1729, 2465, 15841, 41041, 46657, 75361, 162401, 172081, 399001, 449065, 488881, 530881, 656601, 670033, 838201, 997633, 1050985, 1615681, 1773289, 1857241, 2113921, 2433601, 2455921, 2704801, 3057601, 3224065, 3581761, 3664585, 3828001, 4463641, 4903921, … (sequence A002997 in OEIS)

These numbers are unsuitable for the Solovay-Strassen test because they are Eulerian pseudoprimes with respect to any base is divisor-unrelated to the number } under investigation.

The ten biggest PRP numbers

The following is a list of the currently 10 largest PRP numbers, i.e. numbers that are probably prime numbers, but of which we do not yet know for sure. The penultimate column shows what kind of prime number it would be if it turns out that this number is indeed a prime number. The last column shows the fourth largest prime number the respective PRP number would be if this (and only this) would actually turn out to be a prime number (as of May 27, 2021):

Rank	PRP number	Number of digits	Discoverer	Date ofDiscovery	Note	TheoreticalPrimaryNumberRank
01.	${\frac {10^{8177207}-1}{9}}$	8177207	Ryan Propper, Sergey Batalov	May 8, 2021	would be the largest repunit	011.
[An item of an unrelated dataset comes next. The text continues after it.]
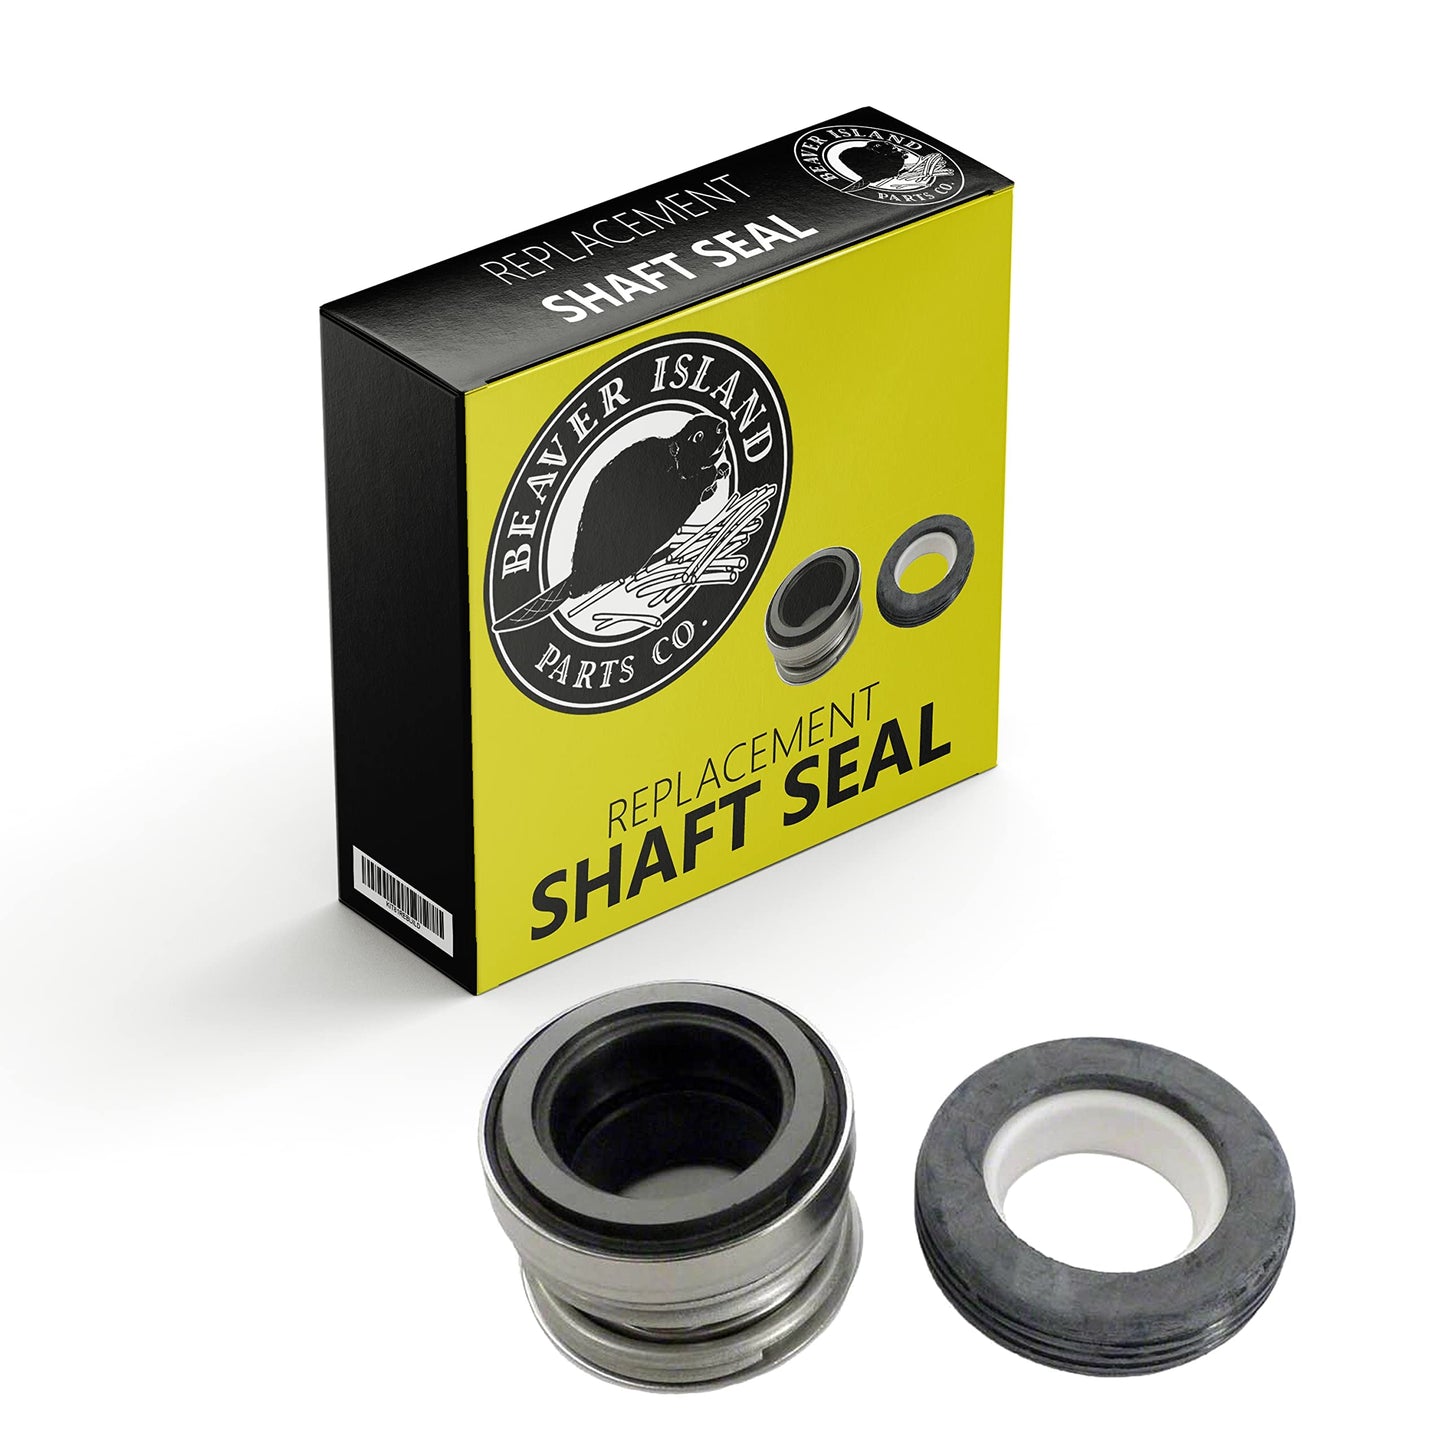 Shaft Seal Replacement for Hayward Max-Flo Series SPX1600Z2 Pump Motor Mechanical Seal

02.	${\frac {10^{5794777}-1}{9}}$	5794777	Ryan Propper, Sergey Batalov	April 20, 2021	would be the second largest repunit	017.
03.	$2^{13380298}-27$	4027872	Jeff Gilchrist, Vincent Diepeveen, Tony Reix, Paul Underwood	March 2021		033.
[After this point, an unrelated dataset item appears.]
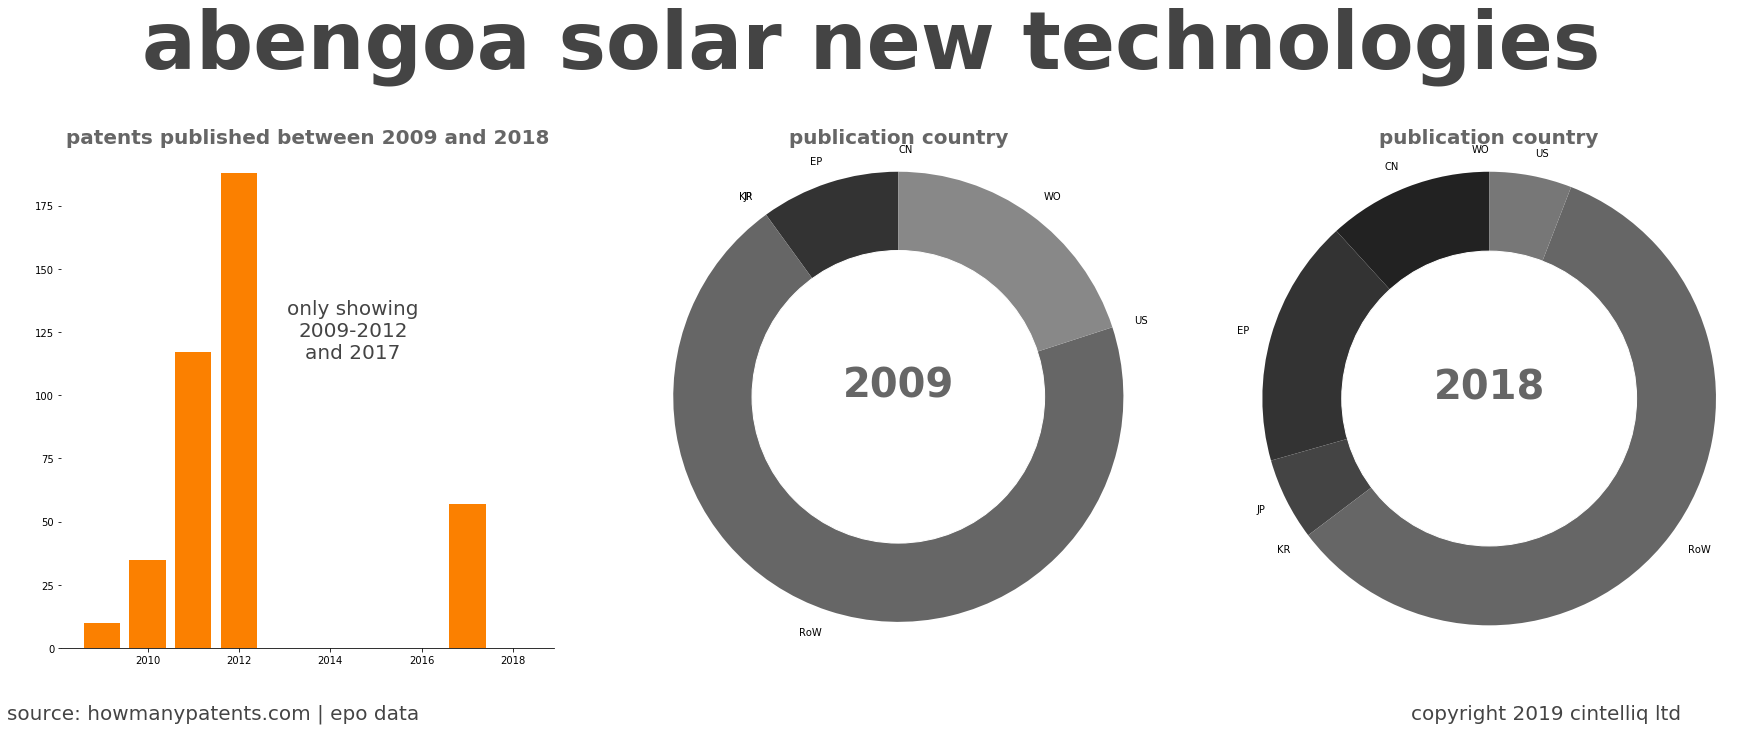 summary of patents for Abengoa Solar New Technologies

04.	${\frac {2^{13372531}+1}{3}}$	4025533	Ryan Propper	September 2013	would be the largest Wagstaff prime	033.
05.	${\frac {2^{13347311}+1}{3}}$	4017941	Ryan Propper	September 2013	would be the second largest Wagstaff prime number	033.
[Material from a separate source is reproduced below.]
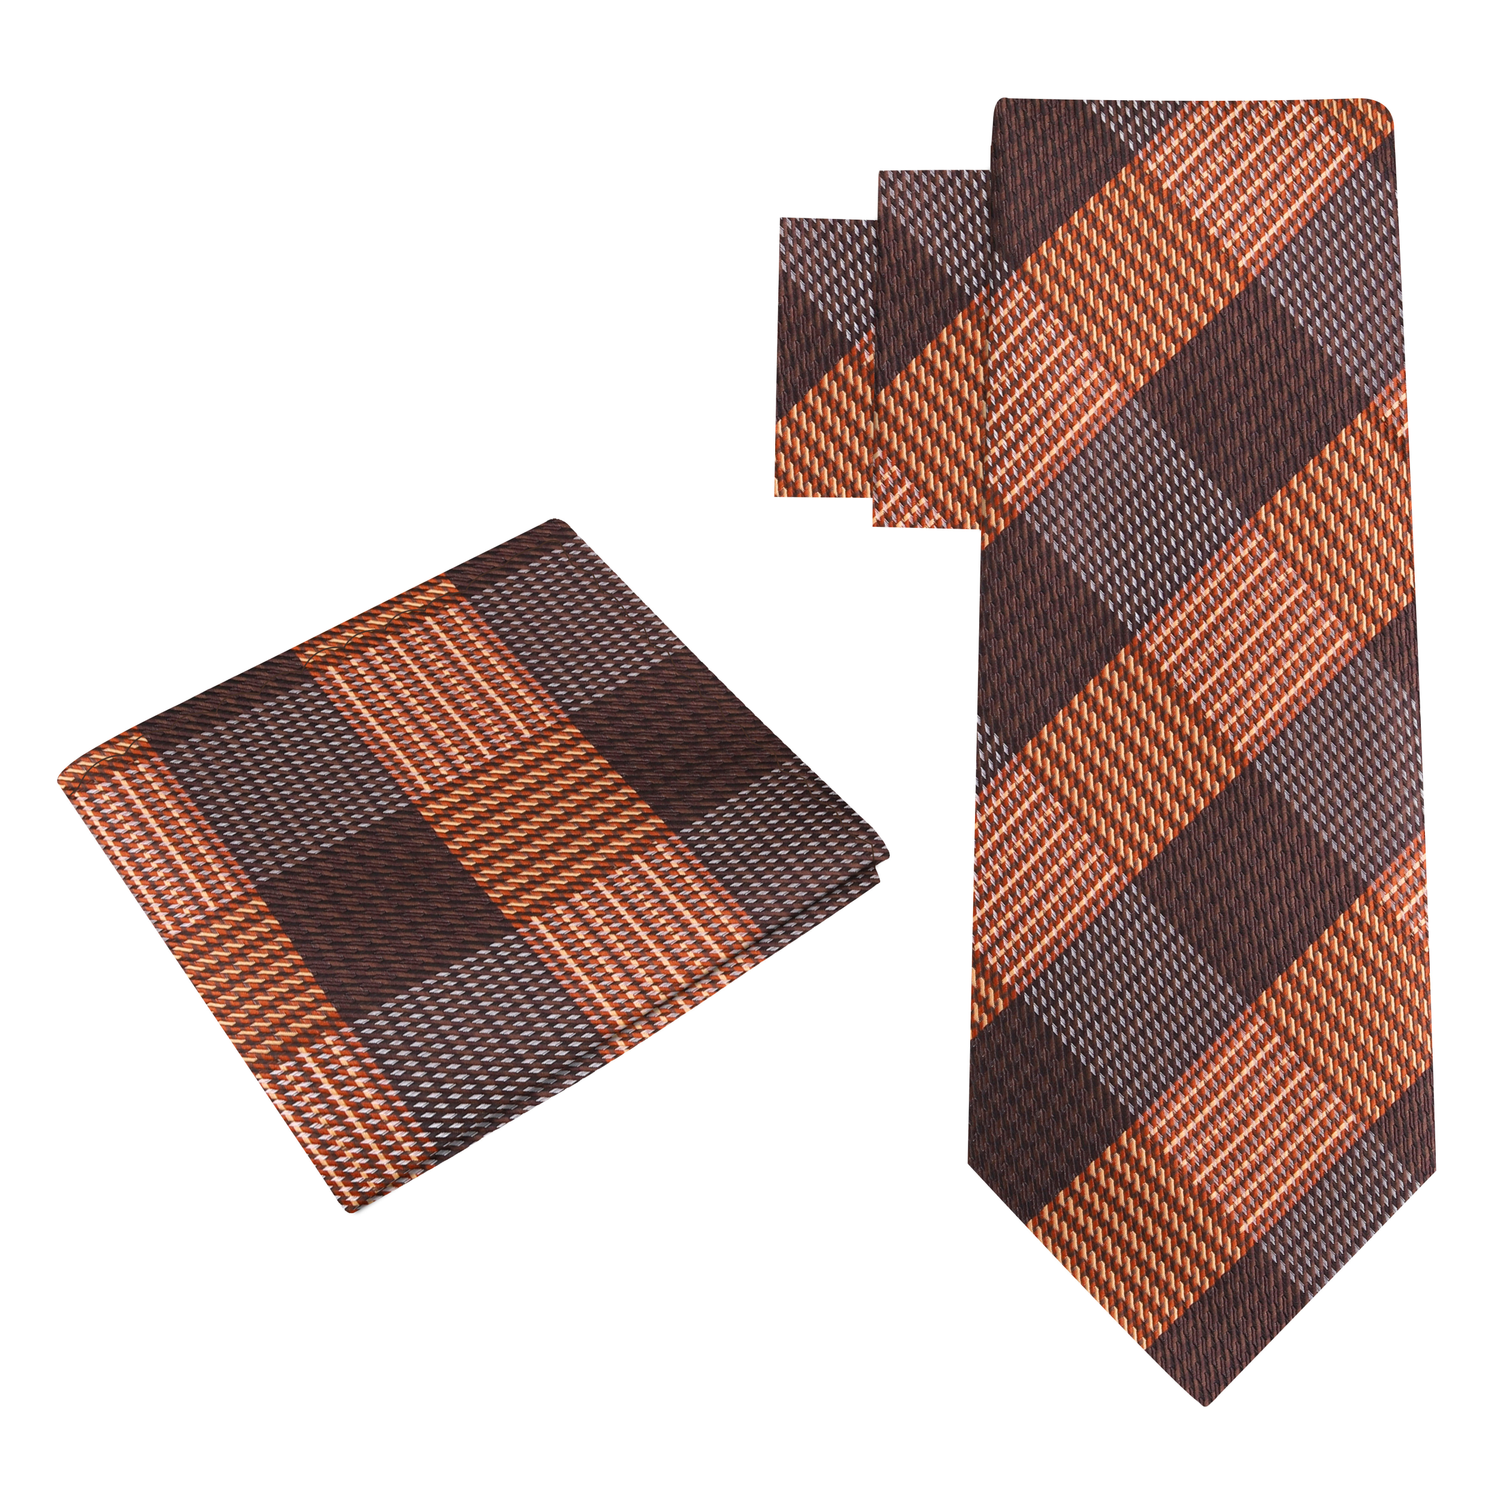 Alt View: Brown and Orange Plaid Tie and Square

06.	${\frac {2^{12503723}-2^{6251862}+1}{5}}={\frac {(2^{6251862}-1)^{2}+1}{10}}$	3763995	Ryan Propper, Sergey Batalov	July 2020	the second prime factor of the generalized Mersenne number would be $2^{12503723}-2^{6251862}+1$	038.
07.	${\frac {2^{10443557}-1}{37289325994807}}$	3143811	GIMPS-fre_games	July 2020	would be the second prime factor of the Mersenne number $M_{10443557}$	062.
08.	$2^{9092392}+40291$	2737083	Engracio Esmenda / Five or Bust	February 2011	would be a solution of the dual Sierpiński problem for $k=40291$	075.
09.	${\frac {17^{1990523}-1}{16}}$	2449236	Paul Bourdelais	August 2020		088.
10.	${\frac {2^{7313983}-1}{305492080276193}}$	2201714	Oliver Kruse	March 2018	would be the second prime factor of the Mersenne number $M_{7313983}$	109.